Count Same-Day Registered Posters
Company: Bytedance
Role: Data Scientist
Category: Coding & Algorithms
Difficulty: medium
Interview Round: Technical Screen
Quick Answer: This question evaluates SQL querying skills, including joining relational tables, date handling, aggregation, and deduplicating users across events. Commonly asked in Coding & Algorithms interviews for data scientists, it assesses practical relational database querying and analytics tasks—filtering, grouping, and counting distinct users across tables—and tests practical application of SQL rather than purely conceptual database theory; this summary is in English.
Constraints
- 0 <= len(users), len(posts) <= 200000
- Each `user_id` in `users` is unique
- Timestamps are valid strings in `YYYY-MM-DD HH:MM:SS` format
- A user may publish multiple posts on the same day, but counts only once for that date
- Posts whose `user_id` does not exist in `users` should be ignored
Examples
Input: ([(1, "2023-07-01 08:00:00"), (2, "2023-07-01 09:30:00"), (3, "2023-07-02 10:00:00")], [(10, 1, "2023-07-01 12:00:00"), (11, 1, "2023-07-01 13:00:00"), (12, 2, "2023-07-02 08:00:00"), (13, 3, "2023-07-02 11:00:00"), (14, 2, "2023-07-01 18:00:00")])

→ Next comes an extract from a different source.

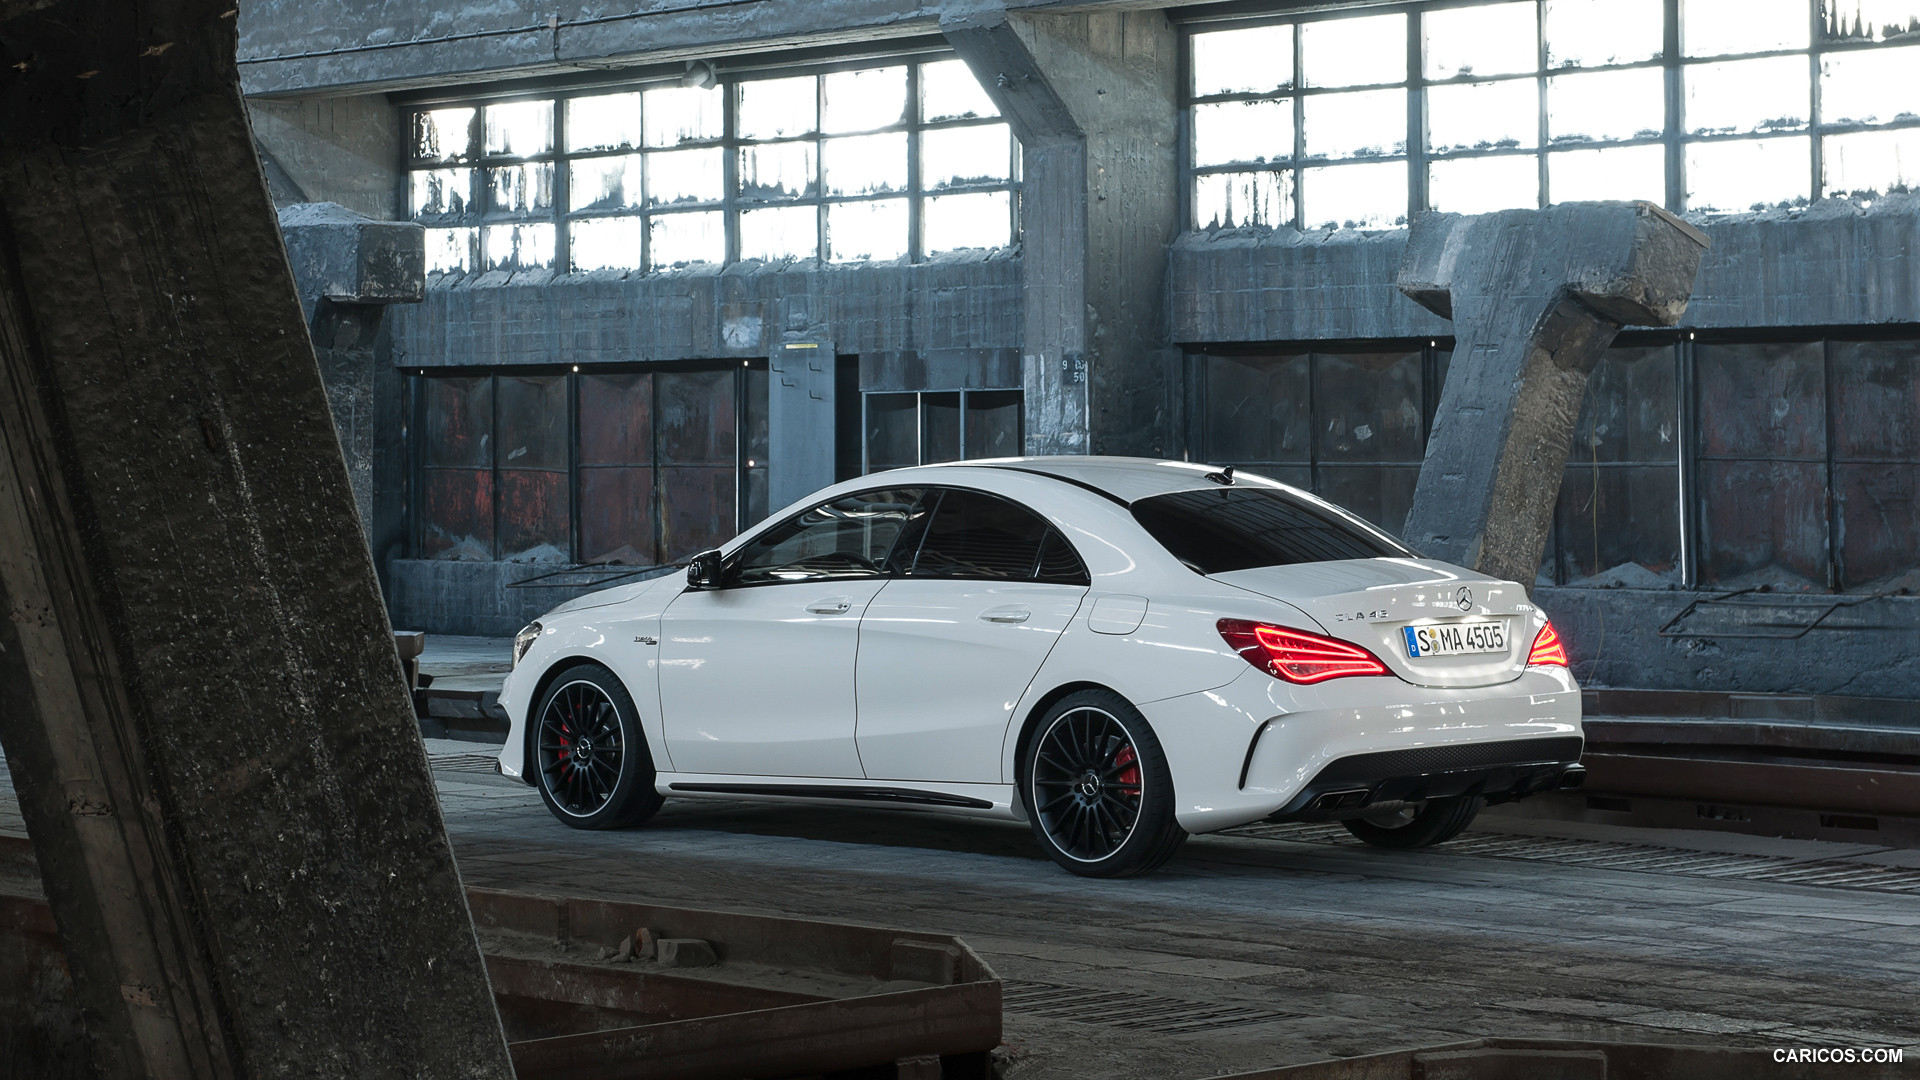 Mercedes Benz Cla Amg Mp Pic

Expected Output: [("2023-07-01", 2), ("2023-07-02", 1)]
Explanation: Users 1 and 2 both registered and posted on 2023-07-01. User 1 posted twice but is counted once. User 3 qualifies on 2023-07-02.
Input: ([(1, "2023-01-01 00:00:00"), (2, "2023-01-01 05:00:00"), (3, "2023-01-03 09:00:00"), (4, "2023-01-03 11:00:00")], [(1, 1, "2023-01-01 10:00:00"), (2, 2, "2023-01-02 10:00:00"), (3, 3, "2023-01-03 09:30:00"), (4, 3, "2023-01-03 10:00:00"), (5, 5, "2023-01-03 12:00:00")])
Expected Output: [("2023-01-01", 1), ("2023-01-03", 1)]
Explanation: User 1 qualifies on 2023-01-01. User 3 qualifies on 2023-01-03 and is counted once despite two posts. User 2 posted on a different day, user 4 never posted, and user 5 does not exist in users.
Input: ([], [])
Expected Output: []
Explanation: With no users and no posts, there are no qualifying dates.
Input: ([(1, "2024-02-29 23:59:59")], [(1, 1, "2024-03-01 00:00:00")])
Expected Output: []
Explanation: The user posted, but not on the same calendar date as registration.
Input: ([(7, "2022-12-31 00:00:00")], [(100, 7, "2022-12-31 01:00:00"), (101, 7, "2022-12-31 23:00:00")])
Expected Output: [("2022-12-31", 1)]
Explanation: The same user made multiple posts on the registration day, but should only be counted once.
Hints
- Extract the date part from both timestamps before comparing them.
- To avoid counting multiple posts from the same user on the same day more than once, store matched users in a set before aggregating.